Echt komisch die Geschichte.


----------



## ZAM (3. Februar 2014)

Nope, komisch ist es nicht, nur limitiert, ich glaube maximal 2 Auflagen und die waren schnell vergriffen, kein Nachdruck mehr seitdem.
Die englische Version bekommst du noch häufiger, dafür aber auch billiger. ^^

http://www.amazon.de/dp/B005EVJKZ6/?tag=buffed-21&ascsubtag=article


----------



## Scoo (8. Februar 2014)

Unverständlich da 2013 erst die Legendary Edition und die Anthology Box erschienen ist.

Denke mal die käufer wollen auch das Lösungsbuch haben.Das würde auch die Preise bei Ebay erklären.

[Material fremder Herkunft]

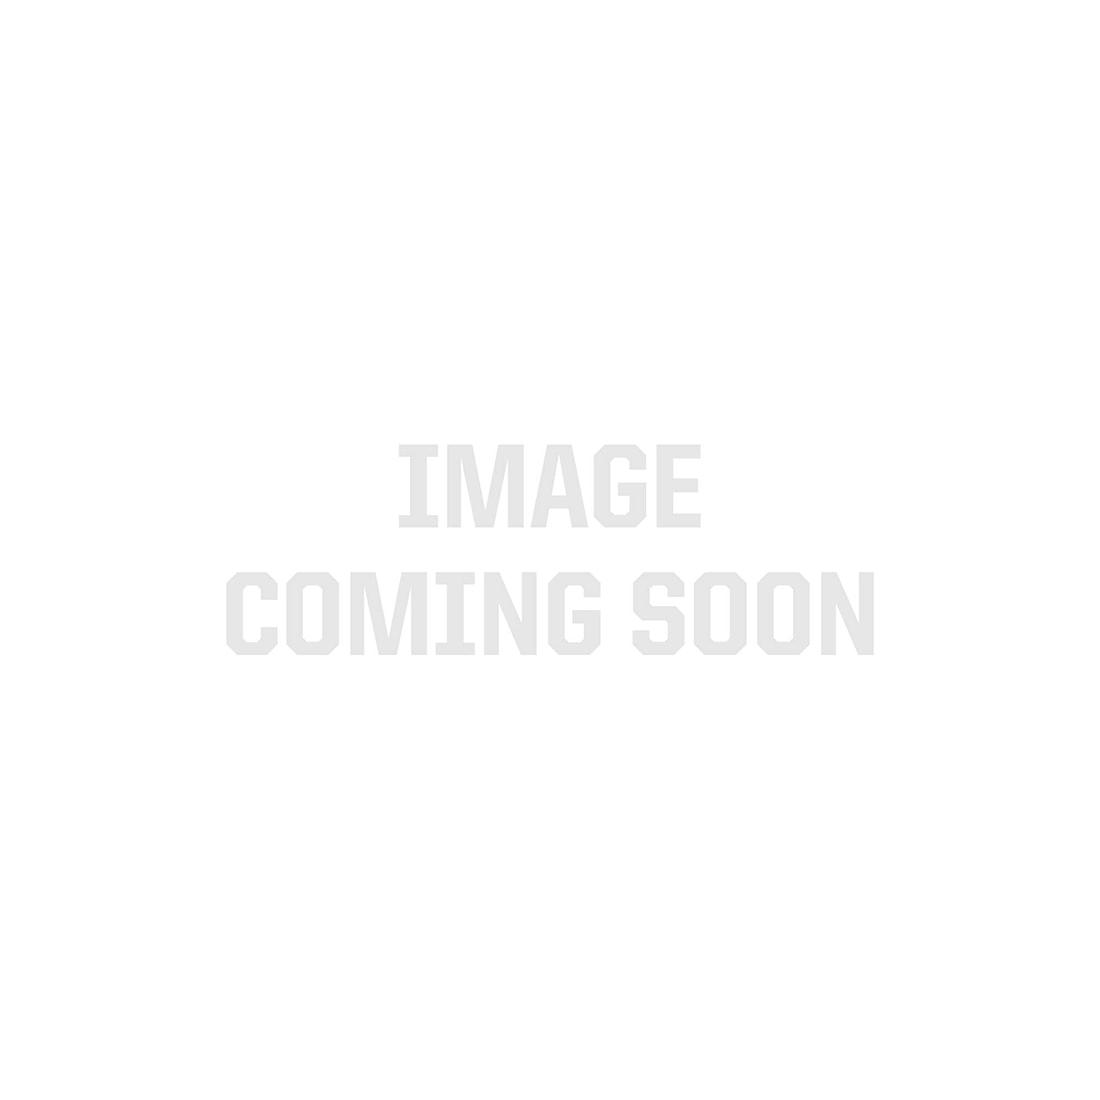 G50mm Clear Glass Dimmable LED Light Bulb, E26 (Medium) Base, 1.4 watt (Extreme Warm White)

40 Euro und mehr für ein Lösungsheft ausgeben das beim Erscheinen 25 Euro gekostet hat.


----------



## DocZahni (3. Juni 2014)

Ich weiß, dass du eigentlich ein deutsches Lösungsbuch suchst. Allerdings kann ich das englische Skyrim-Legendary Edition nur wärmstens empfehlen. Es beinhaltet ja auch die DLC´s und lässt wirklich keinen Wunsch offen. Ich nutze es, obwohl ich das Spiel auf deutsch spiele. Das Buch ist seinen Preis allemal wert (33,50). Auch bei weniger guten Englischkenntnissen ist das Buch gut brauchbar. Nur wenn du überhaupt kein Englisch verstehst würde ich es nicht kaufen.


----------